Many interesting data points across the report, but I found these two charts on just how significant the funding of a few companies (OpenAI, Anthropic and xAI) is to overall VC investments and how 25x more capital is invested in US-based AI models than in Europe/Israel.

Einride announces to go public via SPAC merger at $1.8 billion valuation

Einride, the Swedish electric and autonomous freight company, has announced that it will merge with a U.S.-listed SPAC (Special Purpose Acquisition Vehicle). Einride currently has $45 million in annual recurring revenue and contracted annual recurring revenue of $65 million from more than 25 customers and 200 vehicles in operation.

The valuation in the merger is targeted to be $1.8 billion and the new company is targeted to have $219 million in cash (before potential redemptions and transaction expenses) and is looking to raise another $100 million.

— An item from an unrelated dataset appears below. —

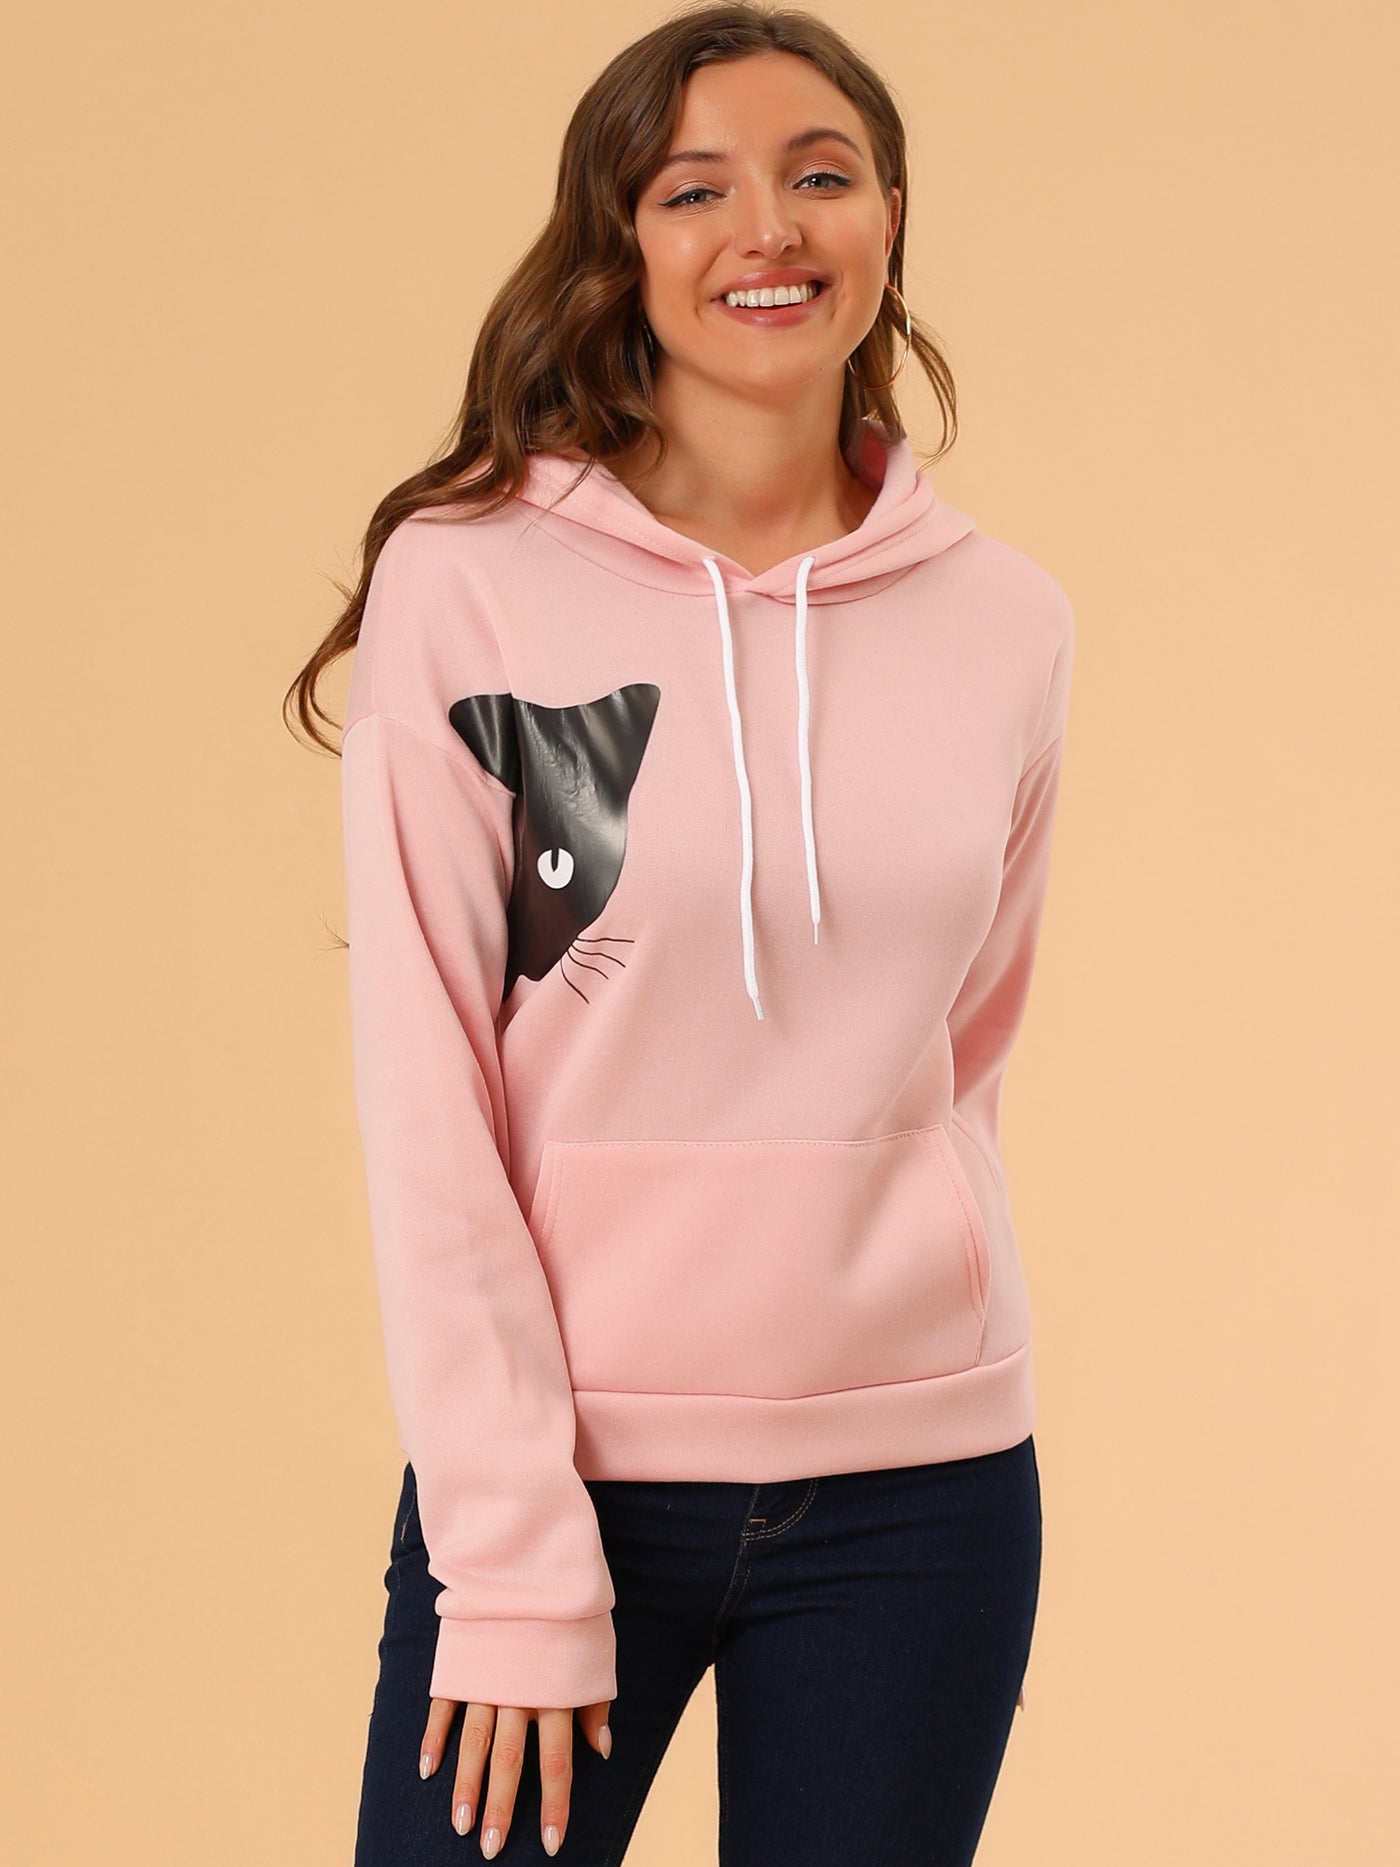 Allegra K Hoodie Rabbit Ear Cat Print Halloween Cosplay Sweatshirt Tops Blouse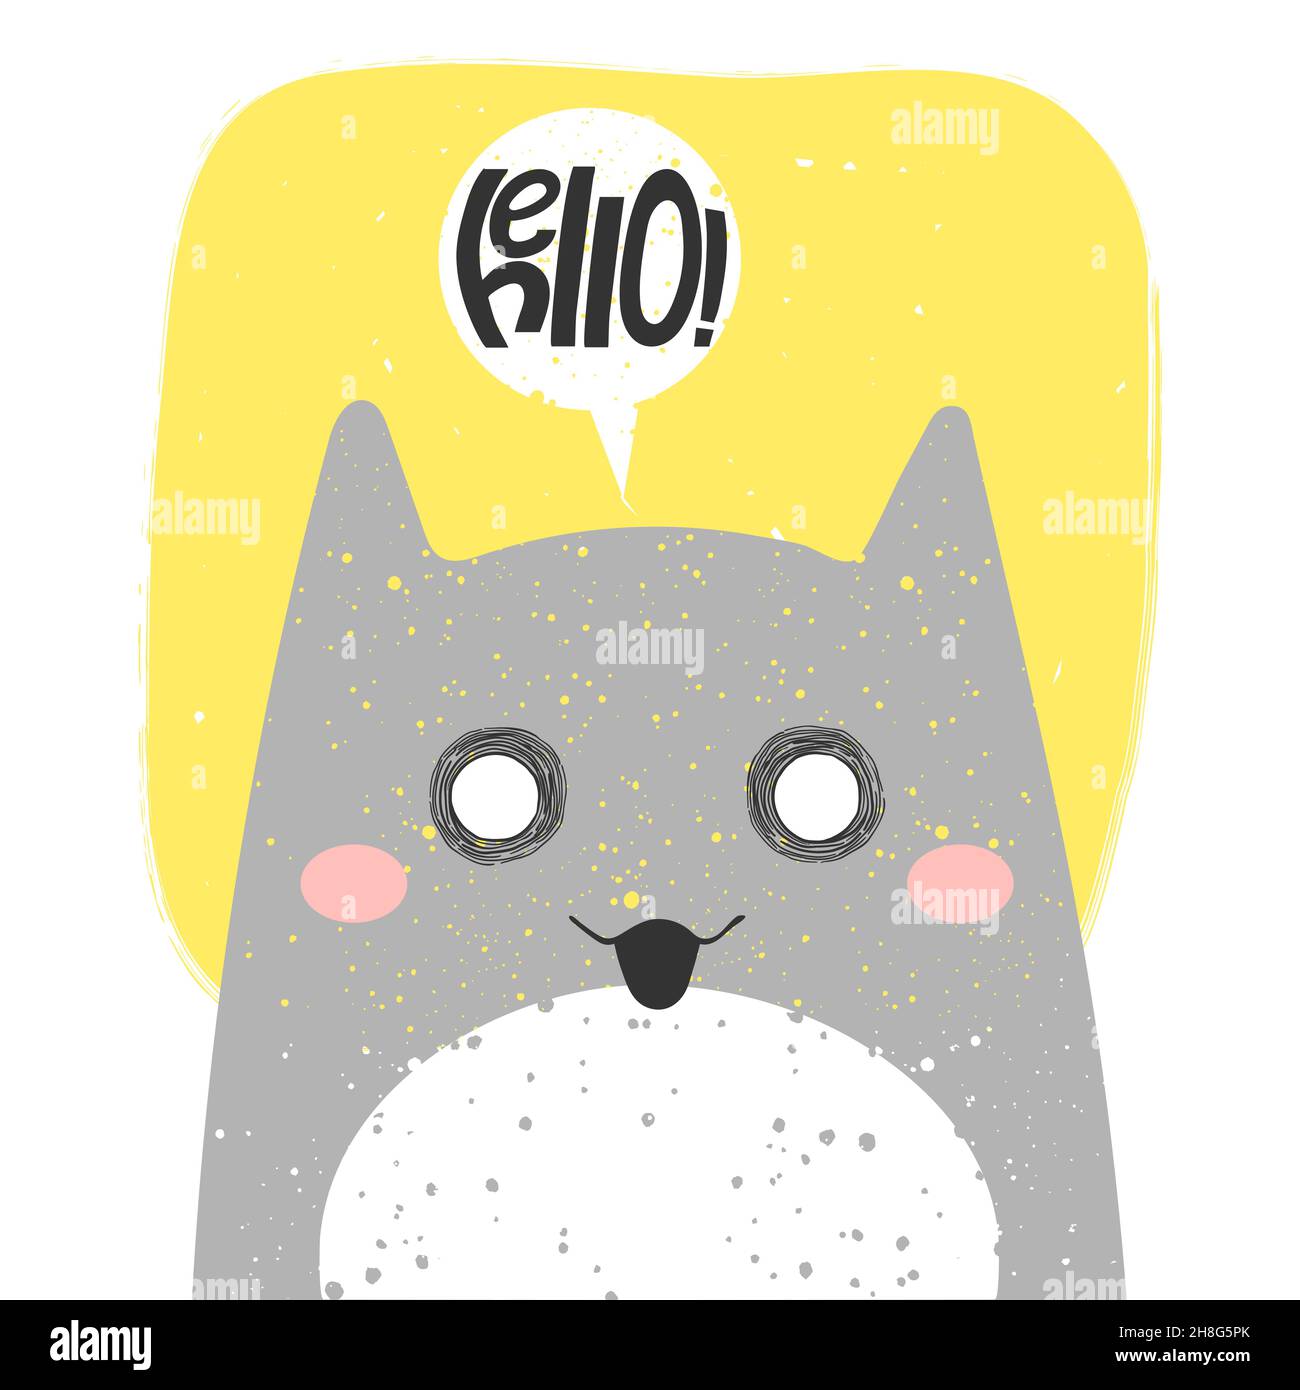 Niedliche lächelnde Katze mit Anime-Emotion und Rede schwatzen sagen Hallo. Hand gezeichnet Vektor Illustration von Kitty in flachen Cartoon-Design. Niedlicher Kinderclip Stock Vektor

It is good that the stock market provides actual risk capital to companies and not only buy shares in already profitable companies and wait for dividend and share buybacks. When making such early-stage investments a public market investor should operate like a venture investor: build a diversified portfolio and don’t invest too much into individual companies.

Red flags to screen startups rarely work

Yesterday I was at Nordic Founder’s Pitch or Die Trying event at Epicenter in Stockholm.

The highlight was a fireside chat with Charles Maddock, founder of Strawberry, focused on the company’s pre-seed and seed fundraising.

Following Charles was a panel of investors who, among other things, were asked about red flags that would disqualify a company from an investment.

That is a question I find interesting.

I don’t think startup investing is so easy, or companies and founding stories so perfect, that absolute red flags should be used very often or broadly.

The startup investor job is to try and understand each startup and its unique opportunity to become an important, large company.

With the exception of fraud or dishonesty, pretty much all red flag situations (like ownership by founders at Series A, team’s technical or business ability, and previous proof points of founder being great) can be dealt with. The question is if there are signs of exceptional strength in at least one area that make it worthwhile spending the time on it.

By the way, having as a red flag that the founders are married has a pretty poor track record as there are a bunch of outlier outcomes where founders were/are married.